The Central Electricity Regulatory Commission (CERC) has initiated ‘market coupling’ of electricity prices on power exchanges — to what end, is less than clear. Under ‘market coupling’ the price at which electricity will be traded will be common for all the exchanges; a market coupling operator (MCO) will aggregate orders from all the power exchanges and match them, to discover a uniform market clearing price. CERC recently passed an order to initiate “the consultative process” with Grid-India Ltd, a PSU, and the three power exchanges in India to implement ‘market coupling’ and propose regulatory amendments for the same.
For starters, market coupling will be only for the Day-ahead market (DAM), which refers to sell and buy bids for the next day.

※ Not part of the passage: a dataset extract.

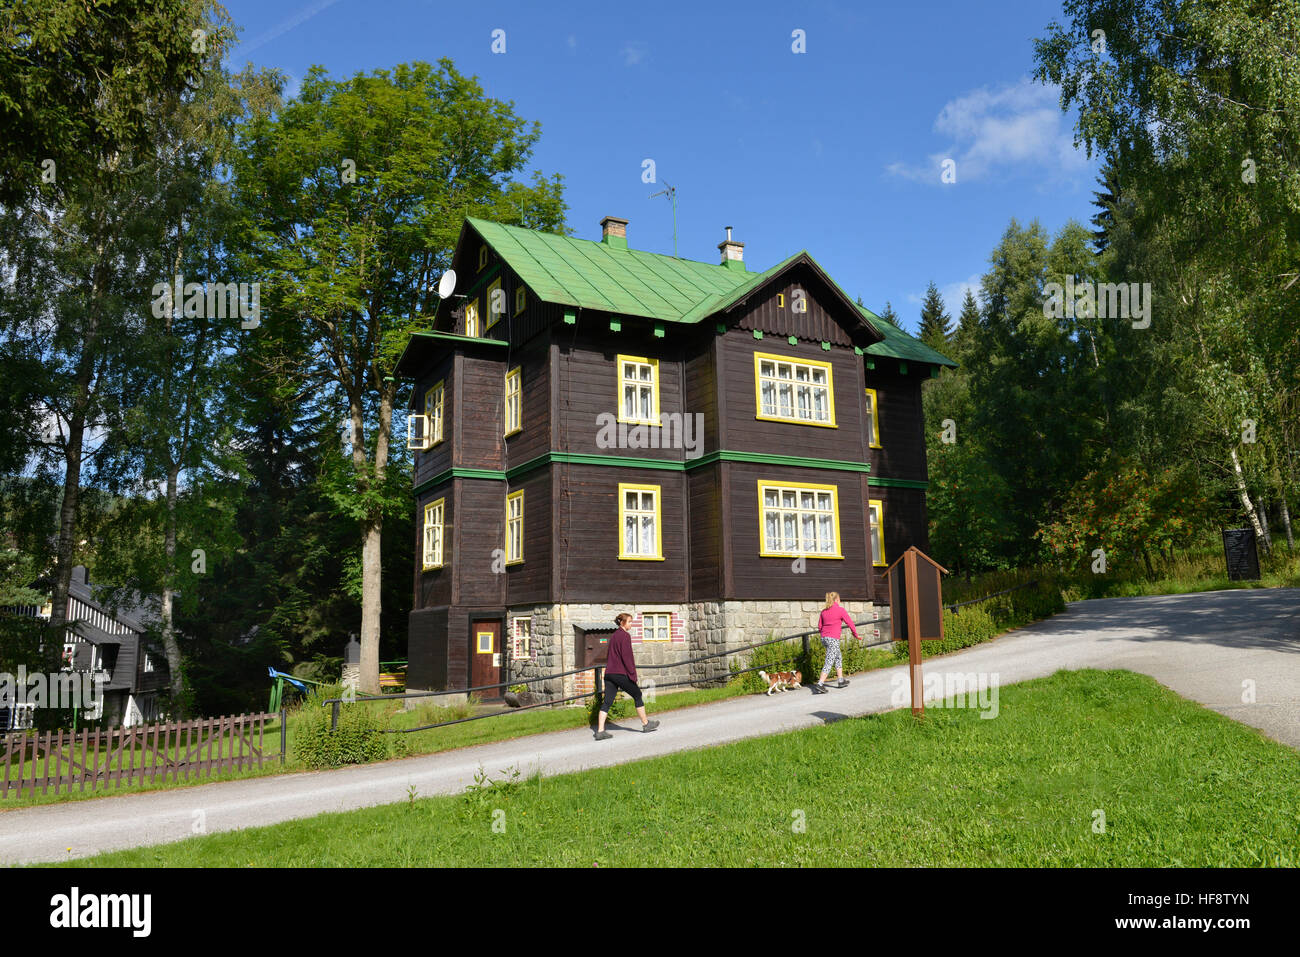 Holzhaus, Spindlersmuehle, Tschechien, Timber house, wooden spindle maker's mill, Czechia Stock Photo

The target date is January 2026. The regulator intends to extend market coupling to the real-time market (RTM — sell and buy bids for power supply in the next hour) and Term-ahead market (TAM, referring to beyond a day), later, in that order, based on the DAM experience.
Electricity consumption in India is about 1,700 billion kWhr (2024-25), 93 per cent of which is sold to utilities and bulk consumers through bilateral agreements — only 7 per cent is traded through the exchanges. Of the three exchanges, the Indian Energy Exchange (IEX) and the Power Exchange of India (PXIL) have been in operation since 2008; the third, Hindustan Power Exchange (HEX), has been in operation since 2022. IEX has over 99 per cent share of the DAM and RTM and 50 per cent of TAM. The high market share acts as a draw for higher volumes and traders. Notably, there have been no complaints about any abuse of the dominant position by IEX. CERC says that increased competition and enhanced transmission efficiency are the objectives of market coupling. It is hard to see how that can happen, when one exchange has almost 100 per cent share. CERC had a ‘shadow pilot’ study done by Grid India. The findings were underwhelming, making no case for market coupling. In the case of DAM, the price convergence improved 0.3 per cent and volume increased 0.2 per cent. For RTM, these numbers were 0.01 per cent and 0.01 per cent, respectively.
Market coupling is a solution in search of a problem. It will benefit none other than PXIL and HEX. Unlike the fragmented power markets of Europe, the Indian power market is already unified. Market coupling snatches two key functions of the exchanges —price discovery and settlement — and puts them in the hands of the ‘Market Coupling Operator’, which, curiously, will be one of the three exchanges and Grid India, by turns. Europe’s market coupling emerged as a partnership of the exchanges and transmission system operators, to avoid distortion of prices due to transmission capacity constraints — which is not the case in India. Redistribution of business by a regulatory fiat is anachronistic, disconcerting and anti-free market. Instead of fiddling around with business flows, CERC should address pending issues, such as longer-term contracts and derivatives.